In a football coach’s toolbox, the 7-on-7 is quickly becoming one of the favorite methods of evaluation and chemistry-building during summer contact days.
Organized 7-on-7 leagues grew out of flag football, which got its start on Army bases during the 1940s as a means of recreation for military personnel.
Fast-forward a few decades, and it is now one of the hottest new tactics in college recruiting.
“Basically, we’re wanting to work on skills and installing what we’re running this season,” said Murphysboro coach Gary Carter. “We’re not a passing team, but we’ve gone to three 7-on-7 tournaments and there is conditioning involved.”
The Red Devils participated in tournaments at SIU, University of Illinois and Bethalto Civic Memorial last month. The team has a 7-on-7 battle with Mount Vernon tentatively scheduled for Aug. 2, but the format and organization of each event can vary depending on the host.
“It’s typically pool play in a round-robin format, with the results of pool play determining who you play in the later rounds,” Carter said. “At U of I, there was a set schedule with teams of similar enrollment playing each other.”
AAU guidelines require games to be played with a 30-minute running clock on 40-yard fields, plus an additional 10 yards for the end zone. All possessions start at the 40-yard line, no matter where the defense stops the offense.
“I look at it as a teaching tool,” Carter said. “Some coaches don’t look at it that way, but you can slow things down and it’s great for the kids and the program.”
No running plays are allowed and the quarterback has four seconds to release the ball or the play is blown dead. Touchdowns are six points each, while each series gets only one first down — when the offense reaches the 20 within four downs.
There is no tackling allowed, with one or two-hand contact stopping the play.
“The biggest fear is getting somebody hurt,” Carter said. “I had a kid break his leg in a 7-on-7 against Elkville.”

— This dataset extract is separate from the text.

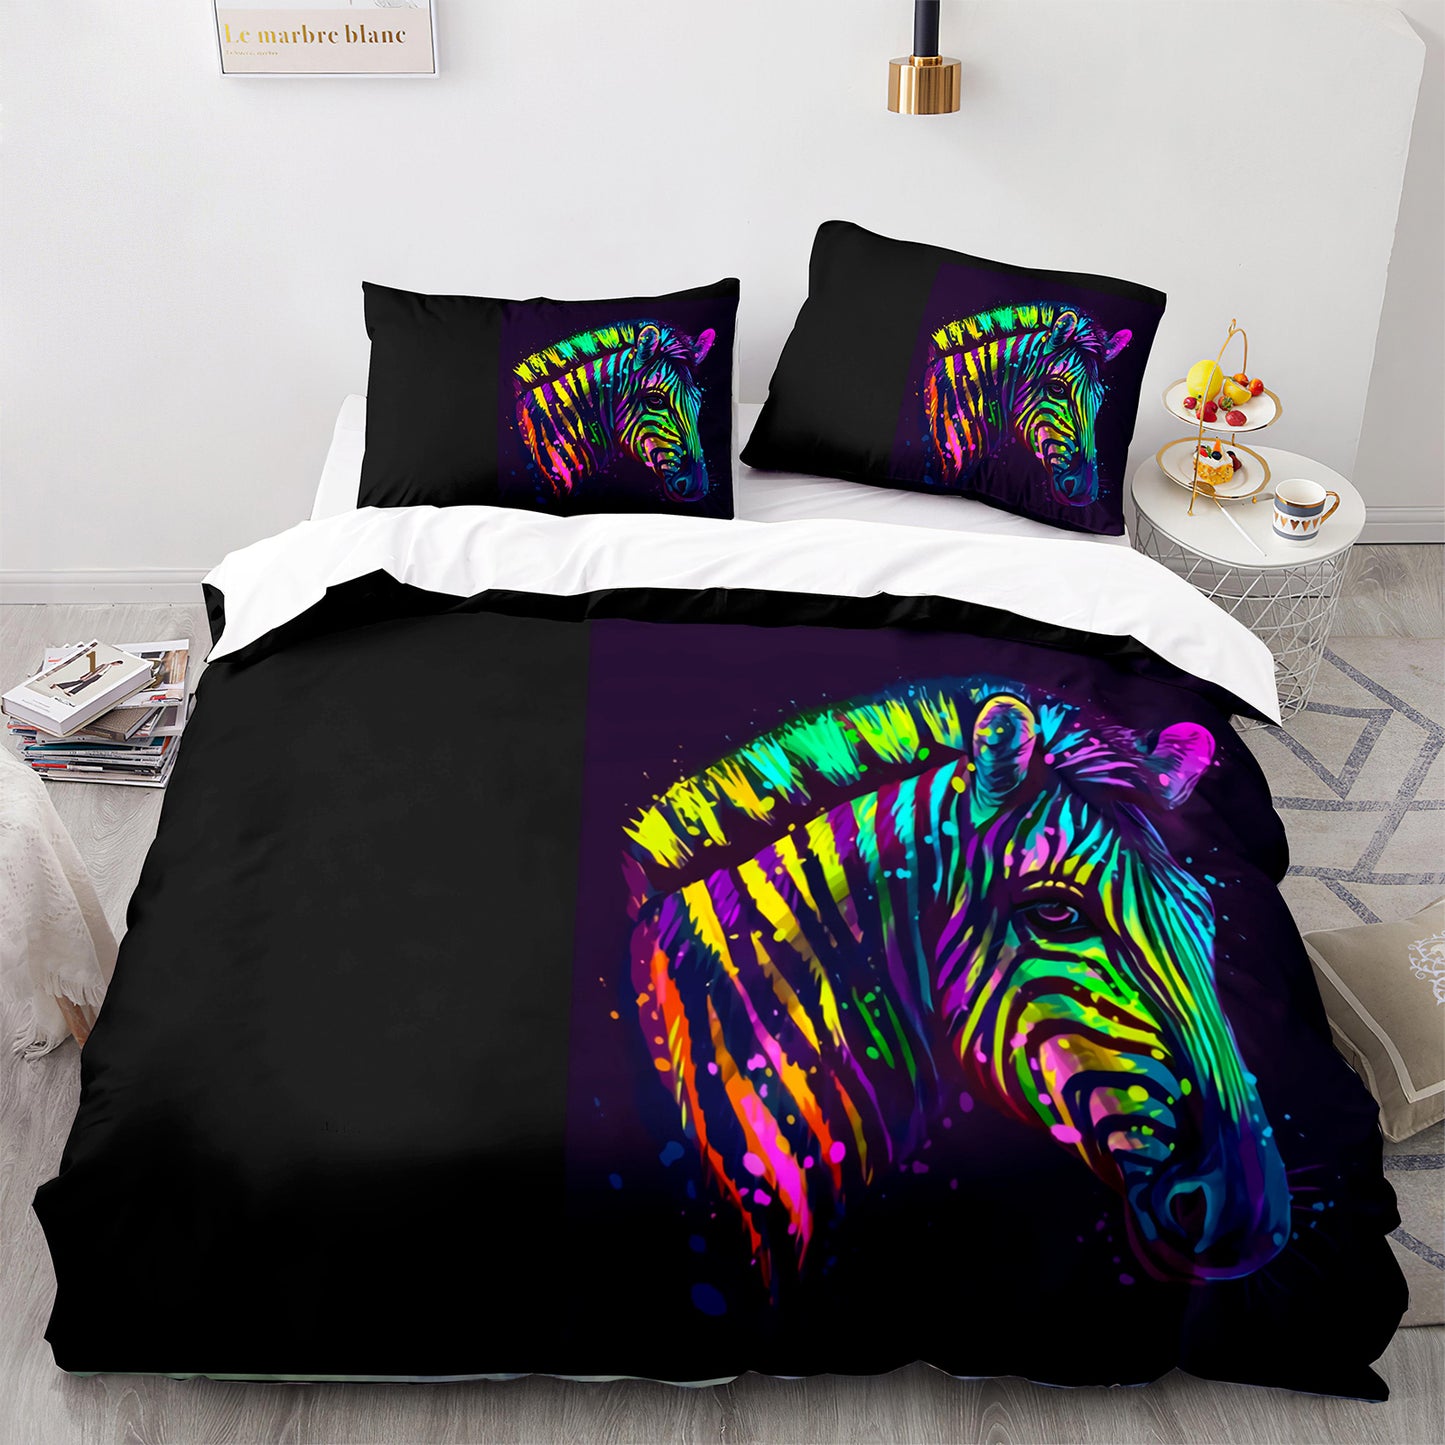 Cutom Duvet Cover Set Pattern Chic Comforter Cover King Size for Teens Adults Bedding Set with Pillowcases  M1091
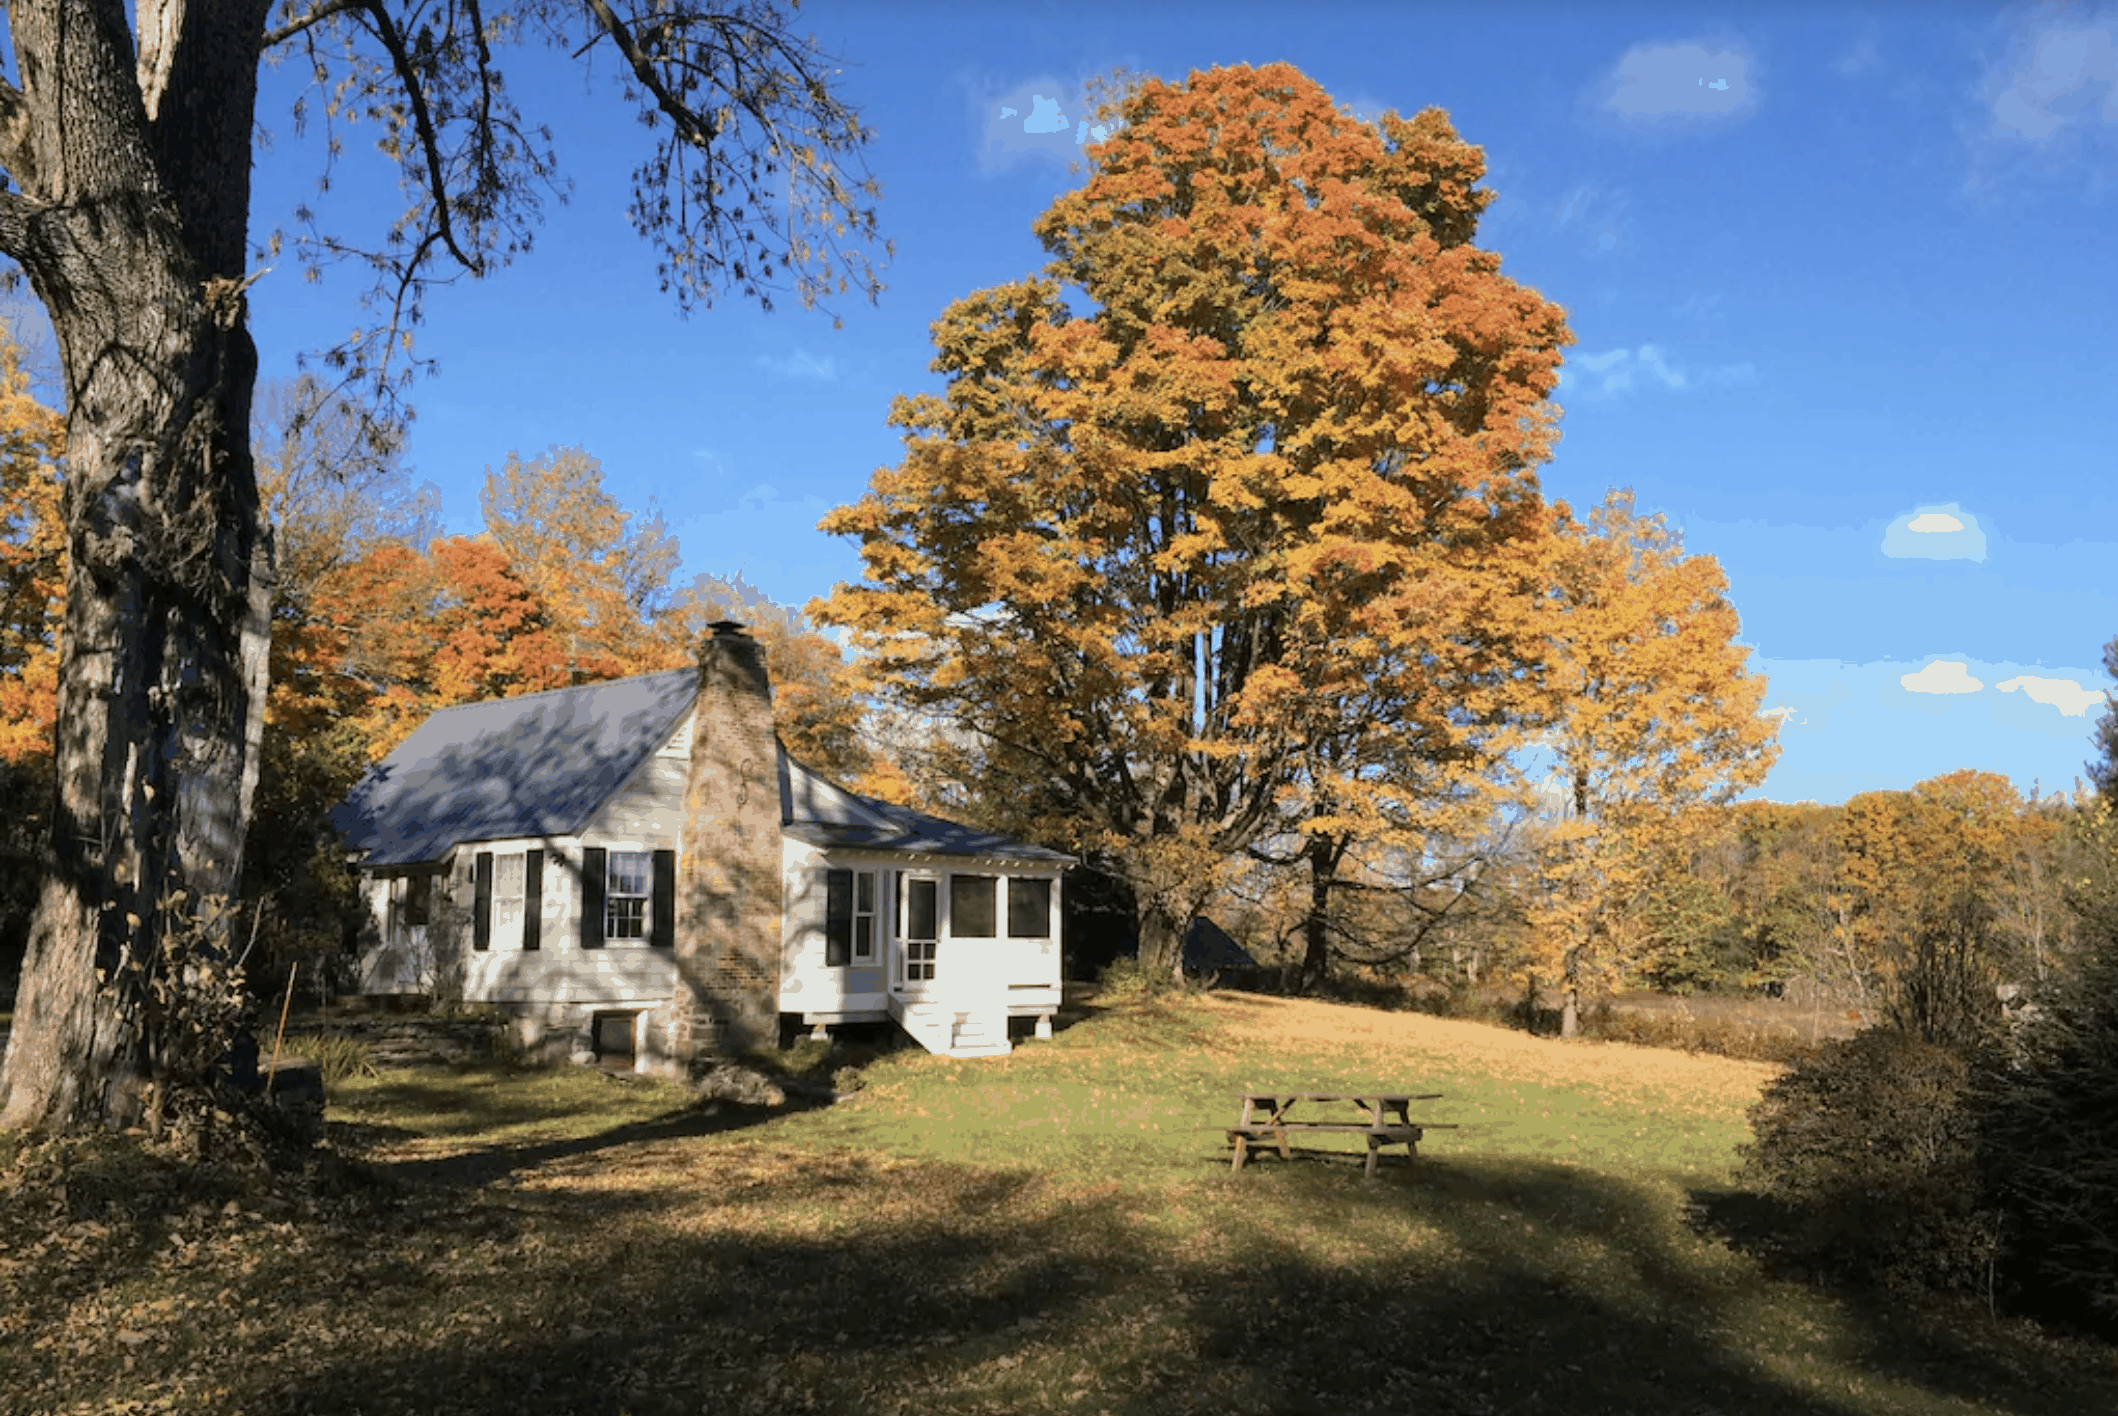 White Massachusetts vacation home with a large lawn and fall leaves on the closest trees.

For programs that are rebuilding or undergoing a coaching transition, 7-on-7s can be an effective process to determine what assets a coach has to work with. In Sparta, coach Joe Bevis enters his second season rebuilding a program that hasn’t had a winning season since 1994.
“They’re helpful in a number of ways,” Bevis said. “It helps your kids build some confidence, it’s relevant in deciding who your defensive backs are and it gives you a more realistic gauge on your athleticism.
“It’s not the end-all, be-all because you’re not tackling, but I do enjoy them because it gets the kids out and competitive.”
Part of the allure of 7-on-7 tournaments is the attention they get from college coaches and recruiting websites. ESPN has also aired some of them in the past.
“They actually have (7-on-7) All-Star teams,” Carter said. “They run a generic offense and defense and they were showcases for college coaches to watch.
“It’s quite an honor to be on those teams.”
Despite criticism that it’s not “real football,” there are benefits to 7-on-7s. With improvements in the passing game, team chemistry and overall athleticism, it has become one of the fixtures of summer football.
“You really get to see the athleticism of your players,” Bevis said. “I’ve heard 7-on-7s referred to as ‘basketball on grass,’ and it is very, very quick.
“But, it doesn’t determine whether or not you’re going to have a successful season.”